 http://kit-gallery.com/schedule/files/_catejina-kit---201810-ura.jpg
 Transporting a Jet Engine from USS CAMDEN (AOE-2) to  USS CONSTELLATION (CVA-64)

····················

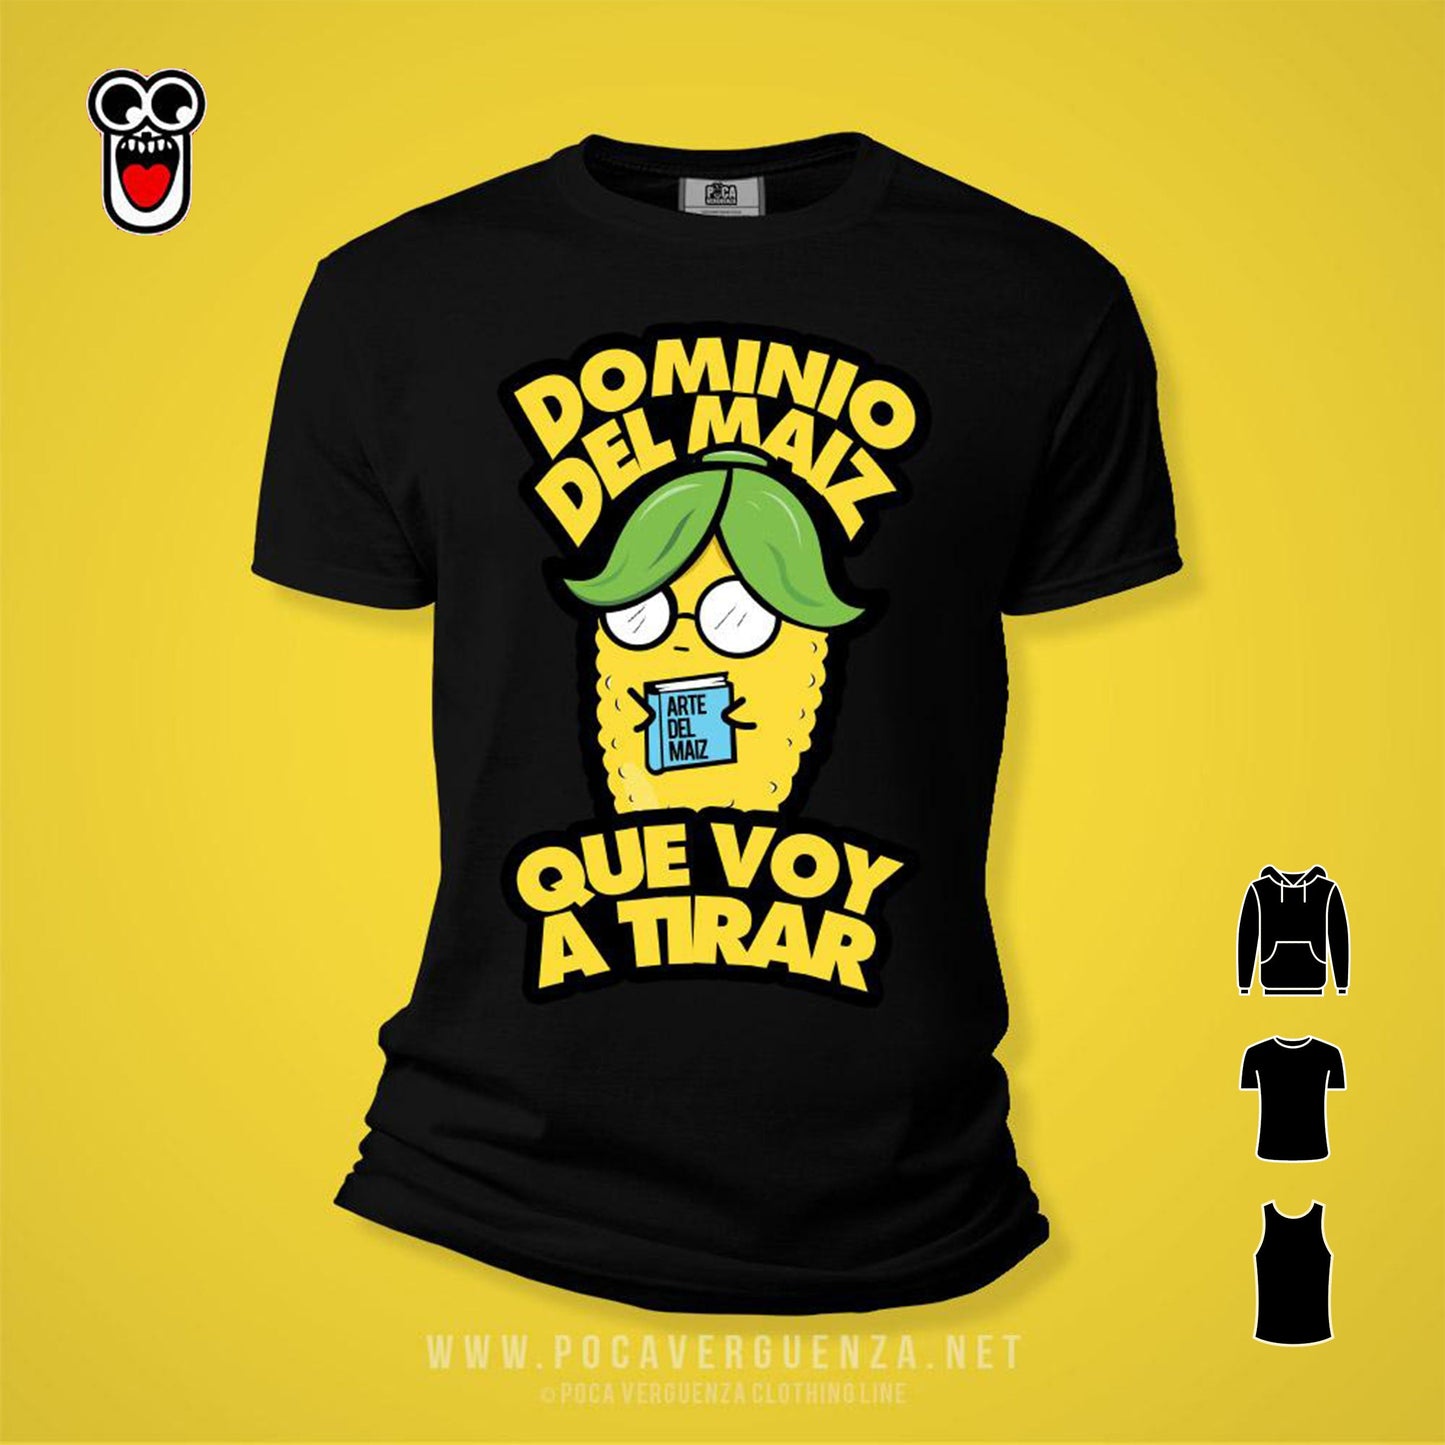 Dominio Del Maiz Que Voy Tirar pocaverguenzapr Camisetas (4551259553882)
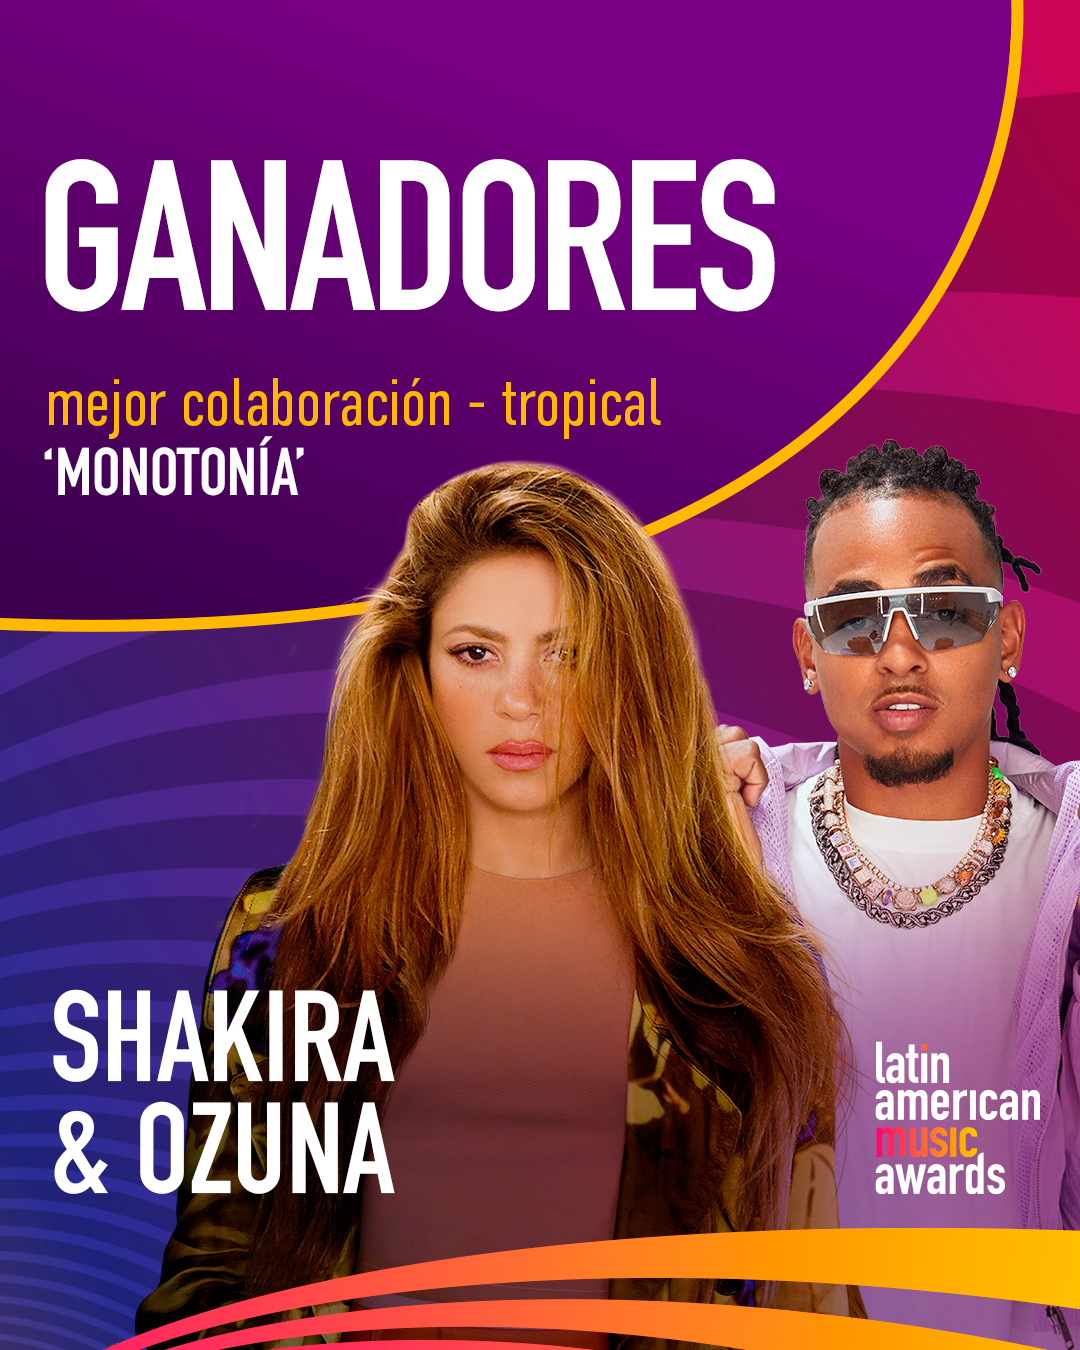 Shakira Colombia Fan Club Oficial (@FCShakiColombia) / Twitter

····················

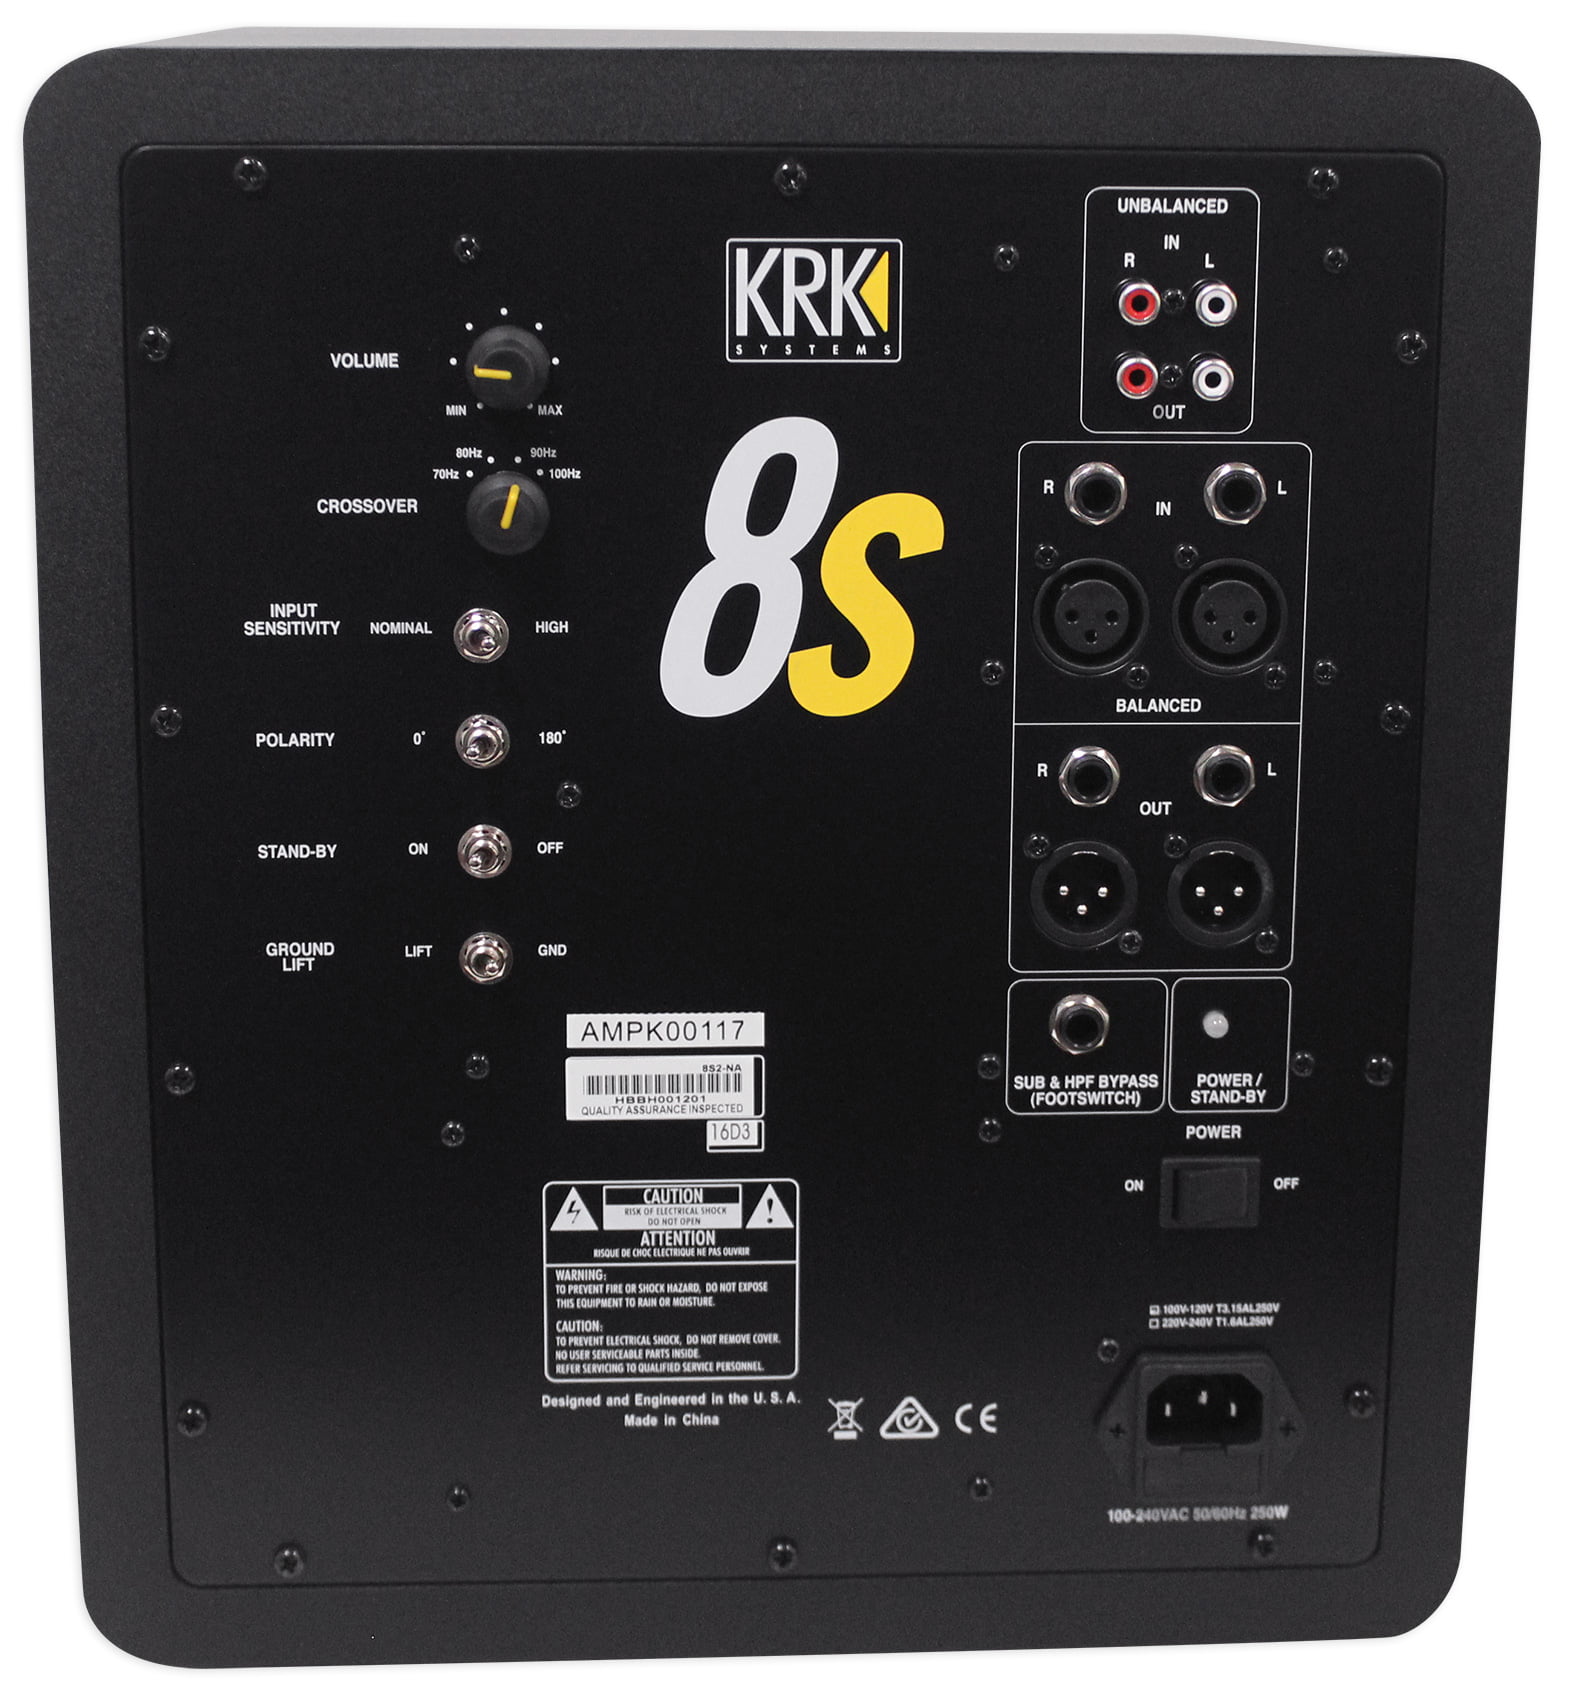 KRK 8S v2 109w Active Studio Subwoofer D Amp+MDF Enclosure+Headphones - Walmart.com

····················

▶ Task to complete
Only one part of the material above is wanted: the lines from the one with "Dominio Del Maiz" up to and including the one with "Shakira Colombia Fan". Please copy them exactly, pictures left out.

▶ Written response
 Dominio Del Maiz Que Voy Tirar pocaverguenzapr Camisetas (4551259553882)
 Shakira Colombia Fan Club Oficial (@FCShakiColombia) / Twitter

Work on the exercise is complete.